Care to show me a country with a breeder-based nuclear cycle? Oh gosh, by your logic nuclear cannot use breeders, since it hasn't been done yet. I guess nuclear is ruled out so we're totally doomed. Fortunately, your logic is entirely specious.


There is no easy way to economically produce a synthetic fuel at scale as you suggest. It is irrelevant whether breeder reactors work or not, I can point to dozens of countries with a significant impact of nuclear in their mix, but you cannot provide a single country that uses synthetic fuels or any other type of storage at scale (>0.1% would probably still be challenging).

My logic is that we are currently shutting down or creating regulatory hurdles for the cleanest base load technology, which is proven safe and reliable, in favor of pipe dreams such as that renewables plus storage is all we need.


Hydrogen can be produced and stored on a massive scale. Electrolysers are now below $300/kW.

"Economically"? Compared to current hydrogen from methane, sure that would be hard. But compared to electrical power from nuclear? Much easier. Exelon stated in 2005 that nuclear could be competitive if natural gas (with a $25/ton CO2 tax) were around $14/MMBtu (note that natural gas at the Henry Hub is a bit over $2/MMBtu right now). That's about $.05/kWh(thermal). Electrolysis could pretty easily make hydrogen at that cost, given today's cheap renewable energy. Given that those 2005 nuclear cost estimates were optimistic, I doubt existing nuclear could compete with combined cycle plants burning green hydrogen. Of course, on a renewable grid, a great deal of the energy will go directly from the renewable sources to the grid, not through hydrogen, so nuclear will do even more poorly.
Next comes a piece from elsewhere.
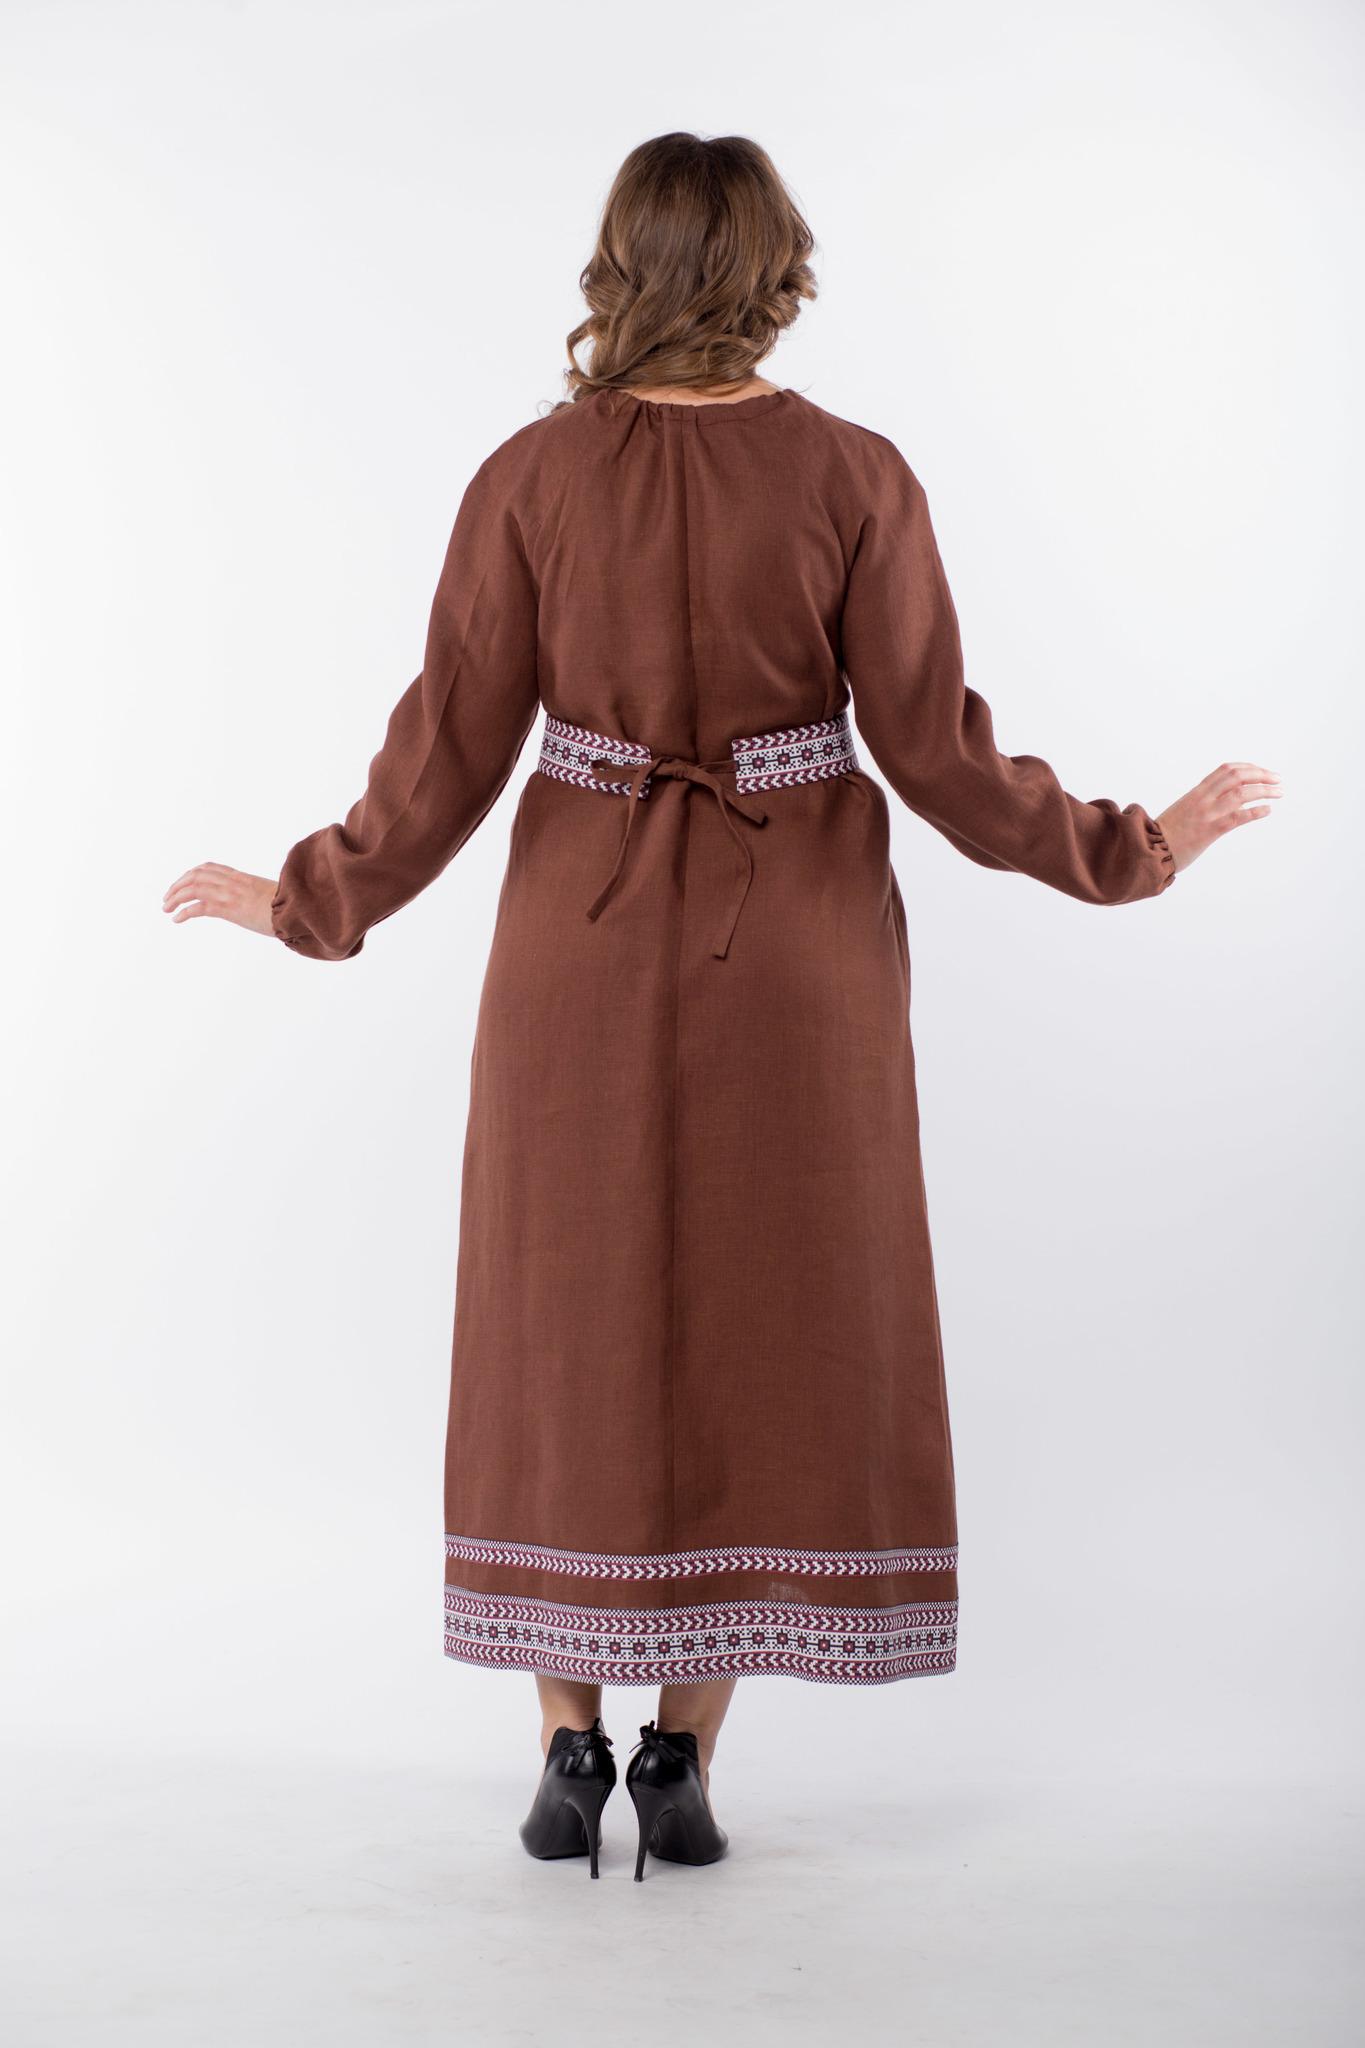 Платье льняное Новгородское 50-52 размер вид сзади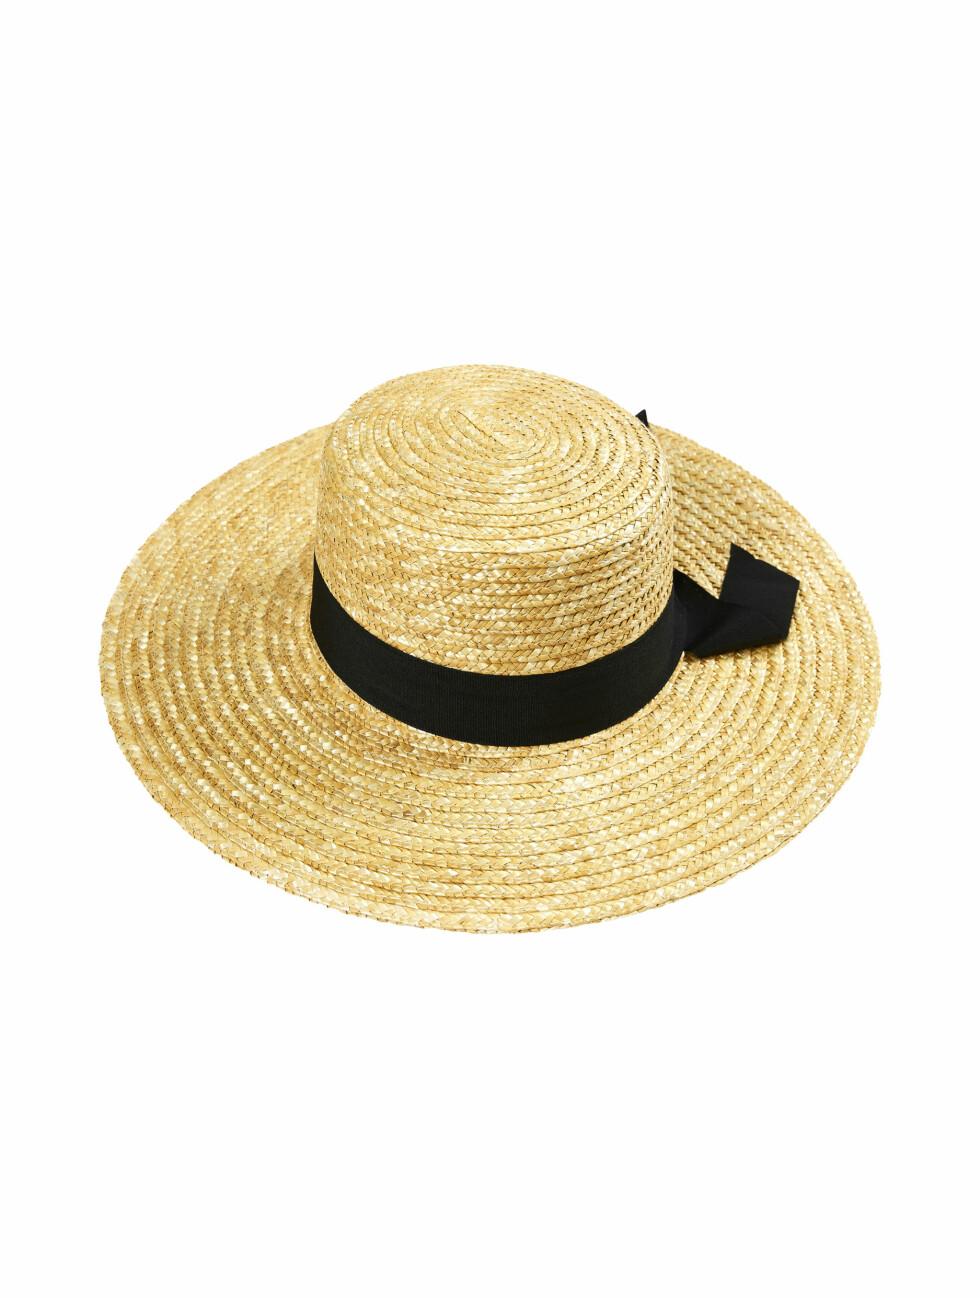 Hatt fra Cubus |149,-| https://cubus.com/no/p/accessories/hatter/maddox-strahatt/7217610_F812

Why don't you answer my question? Can you point to a country that uses electrolysis and hydrogen at scale currently? Because if we are going by estimates and projections, I can also talk about fusion and other pipe dreams on the nuclear side. Not to mention a lot of electrolysis is currently done with fossil fuels.


I don't answer obviously bad faith questions. It doesn't matter whether hydrogen is being done at scale right now. What matters is whether it could be done at scale when fossil fuels are out of the picture. And the answer to that is clearly that it can.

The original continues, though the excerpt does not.